Thus, without any hardcoded knowledge of Western music theory, the system naturally generates stability peaks at the Major 3rd and Perfect 5th relationships, simply as a consequence of the physics of the harmonic series. An agent at 200 Hz creates a "gravity well" at 300 Hz and 500 Hz, inviting other agents to form a major triad.

3.3.3 Mirror Dualism: Overtone vs. Undertone

The implementation in core/harmonicity_kernel.rs includes a profound parameter: mirror_weight ($\alpha$). This parameter blends two distinct projection paths:

• Path A (Overtone/Major): The standard "Down-then-Up" projection described above. It creates gravity based on the Overtone Series, favoring Major tonalities.
• Path B (Undertone/Minor): An inverted "Up-then-Down" projection. It finds common overtones and projects undertones. This is the theoretical dual of Path A and favors Minor or Phrygian tonalities (the Undertone Series).

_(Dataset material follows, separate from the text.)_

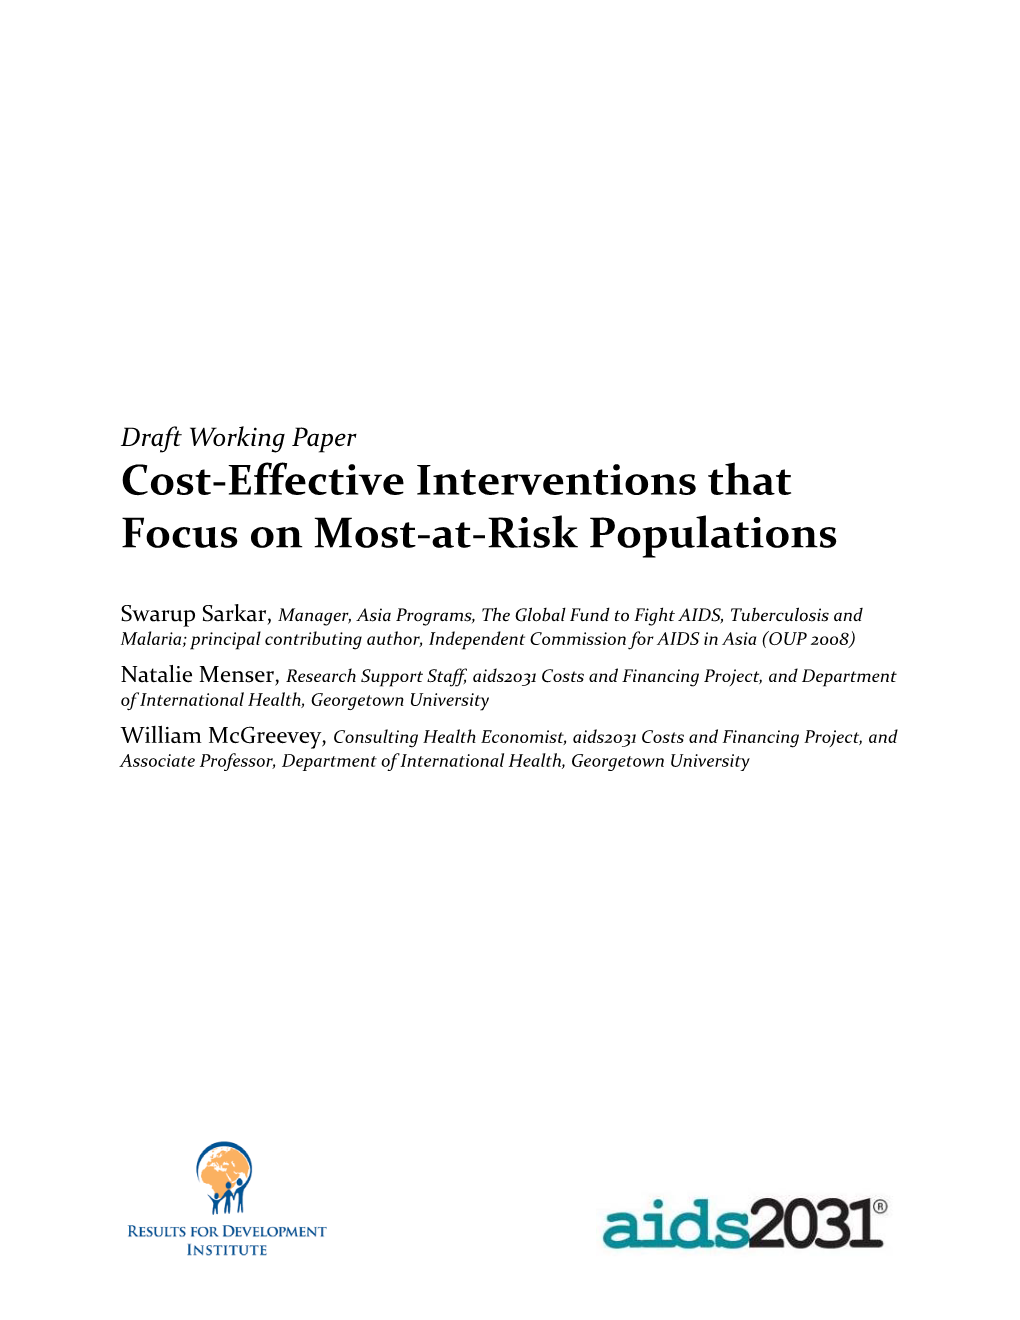 Cost-Effective Interventions That Focus on Most-At-Risk Populations

$$ H_{final} = (1-\alpha)H_{overtone} + \alpha H_{undertone} $$

By modulating mirror_weight, a user can continuously morph the fundamental physics of the universe from Major-centric to Minor-centric, observing how the ecosystem reorganizes itself in response.

4. The Life Engine: Agents and Autonomy

The "Life Engine" is the agent-based simulation layer that runs atop the DSP landscape. It manages the population of "Individuals," handling their lifecycle, sensory processing, vocalization timing, and audio synthesis.

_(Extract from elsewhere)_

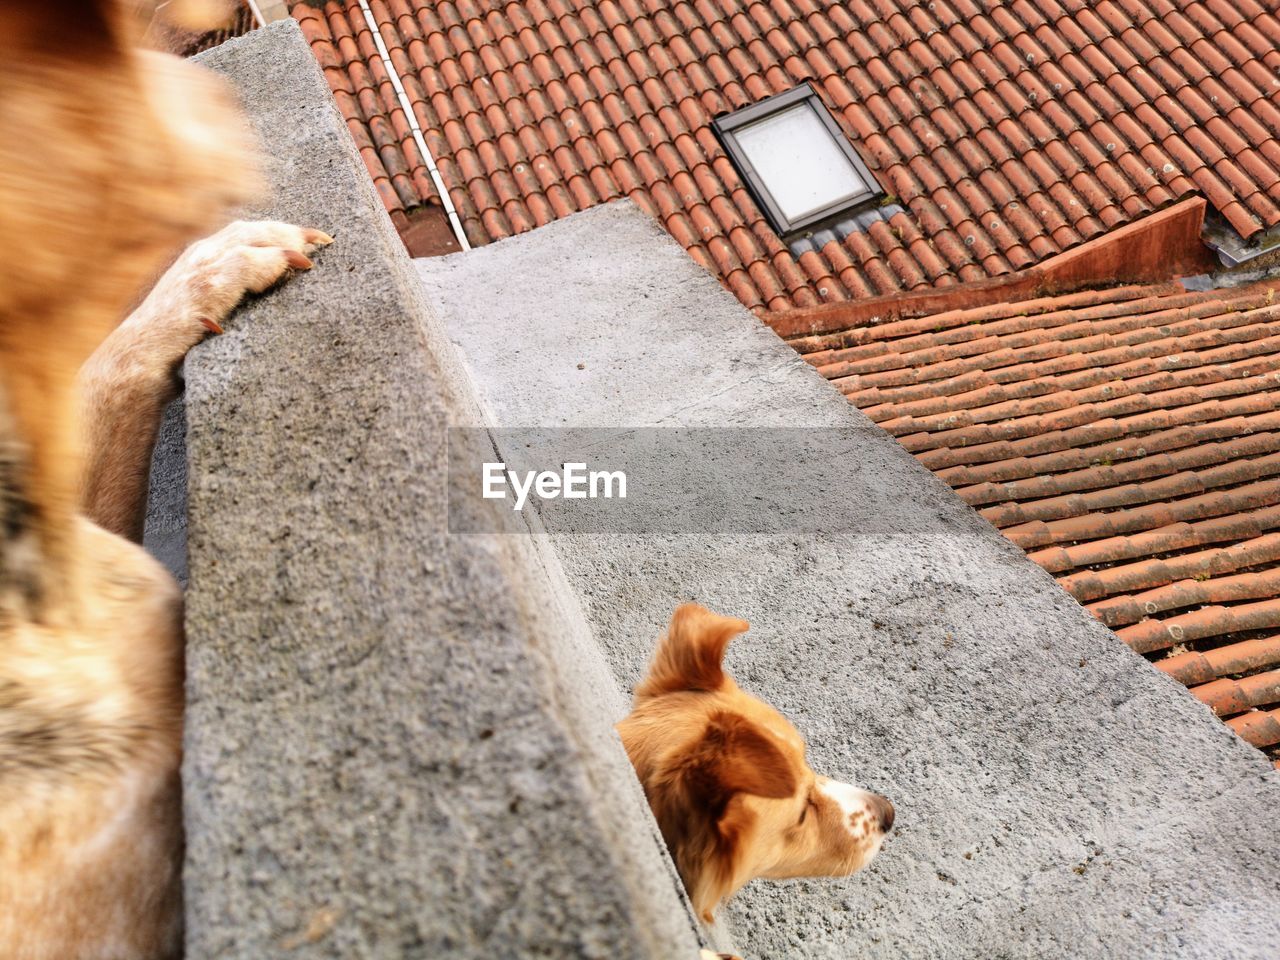 High angle view of a dog on a house

4.1 Overview: The Individual Architecture

The Individual struct (life/individual.rs) is the atomic unit of the ecosystem. Its internal structure comprises:

Component	Type	Responsibility
body	AnySoundBody	Sound generation (waveform synthesis, spectral projection)
articulation	ArticulationWrapper	Rhythm, gating, envelope dynamics
pitch	AnyPitchCore	Pitch target selection in log-frequency space
perceptual	PerceptualContext	Per-agent boredom/familiarity adaptation
phonation_engine	PhonationEngine	Note timing, clock sources, social coupling
phonation	PhonationConfig	Configuration for the phonation engine

The Individual acts as an integration layer: it orchestrates lifecycle (metabolism, energy), coordinates cores via control-plane signals (PlannedPitch), and manages state transitions without coupling the cores directly.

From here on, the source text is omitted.